(Source: Anchorage Daily News)

By Don Hunter, Anchorage Daily News, Alaska
Mar. 23--The tax cap proposition on the April 7 city election ballot has won the backing of the Anchorage Chamber of Commerce.
In a press release Monday morning, the chamber board said Proposition 9 would restore the cap's original calculation formula and be fairer to property owners and business people.
The initiative reached the ballot behind about 13,000 signatures on petitions circulated by a group called the Municipal Taxpayers' League.
If voters approve the proposition, it would move payments made to the city's general government fund by city-owned utilities and enterprises like the Anchorage Water and Wastewater Utility and Merrill Field into the pool of money that is used each year to calculate how much property taxes can increase.
Right now, those payments -- called MUSA and MESA -- amount to about $16 million annually. Sponsors of the petitions say putting them back into the tax cap calculations would reduce the amount of taxes the city is allowed to charge property owners in the short run, and reduce the amount of increase in the long run.

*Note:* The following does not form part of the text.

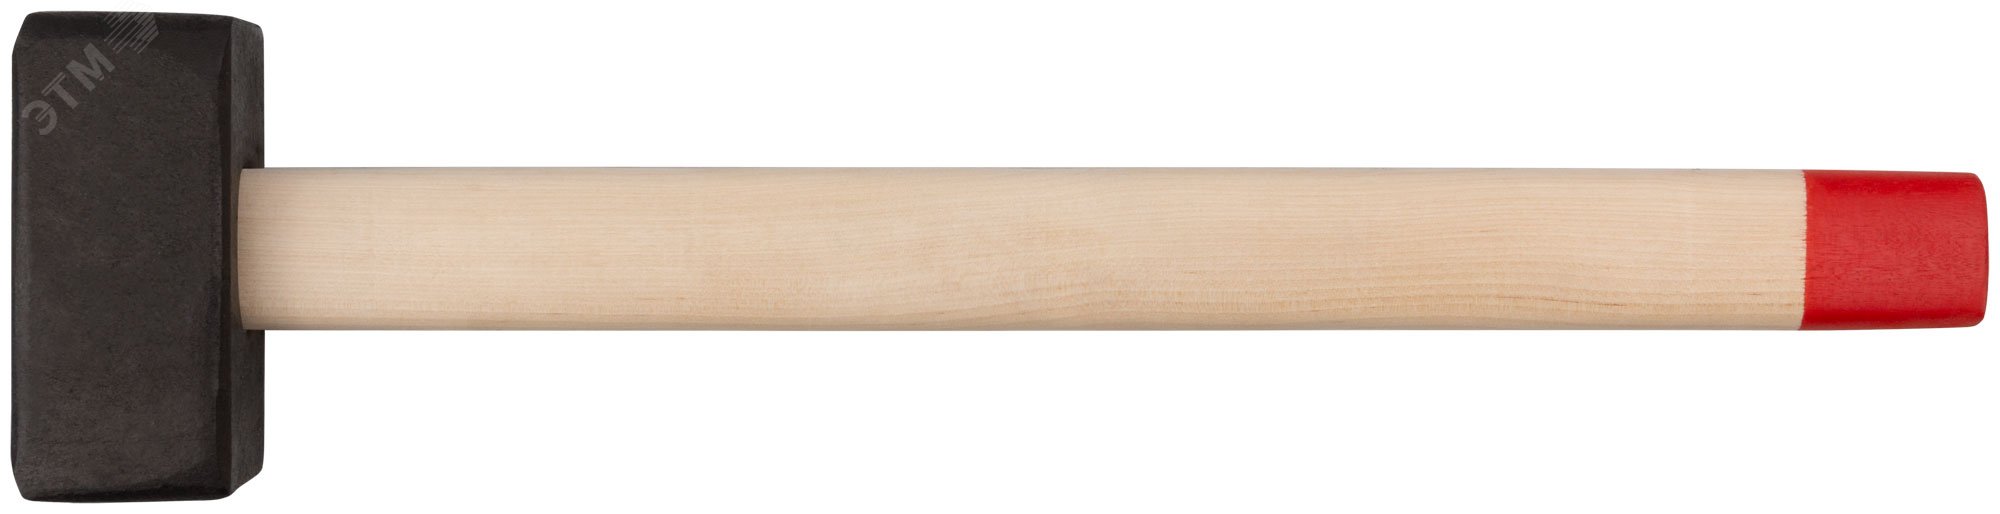 Кувалда кованая в сборе, деревянная ручка 5 кг 45025 КУРС РОС - превью

The switch would be made gradually, over a three-year period.
Opponents, citing a study commissioned by Acting Mayor Matt Claman, say the proposition could actually result in increased taxes on property owners, especially if the amounts of the MUSA and MESA payments drop for some reason. That could happen if the water and wastewater utility lose a lawsuit over a rate increase that is presently before the state Supreme Court.
The MUSA and MESA payments were included in the tax cap formula until 2003, when former Mayor Mark Begich and a unanimous Assembly moved them out. At the time, that caused the tax cap to drop. But in the years since, property taxes have increased steadily.
In the press release, Chamber board chairman Phil Okeson says the removal of the MUSA and MESA payments "have weakened the tax cap's intended stability for residential and business property owners." Last week, a citizens advisory commission that reviews the city budget issues recommended that the taxpayers league withdraw the proposition and rewrite it, saying its language is ambiguous and confusing, and that it may not accomplish the ends its authors intended.
That isn't possible, however. The ballots have been printed.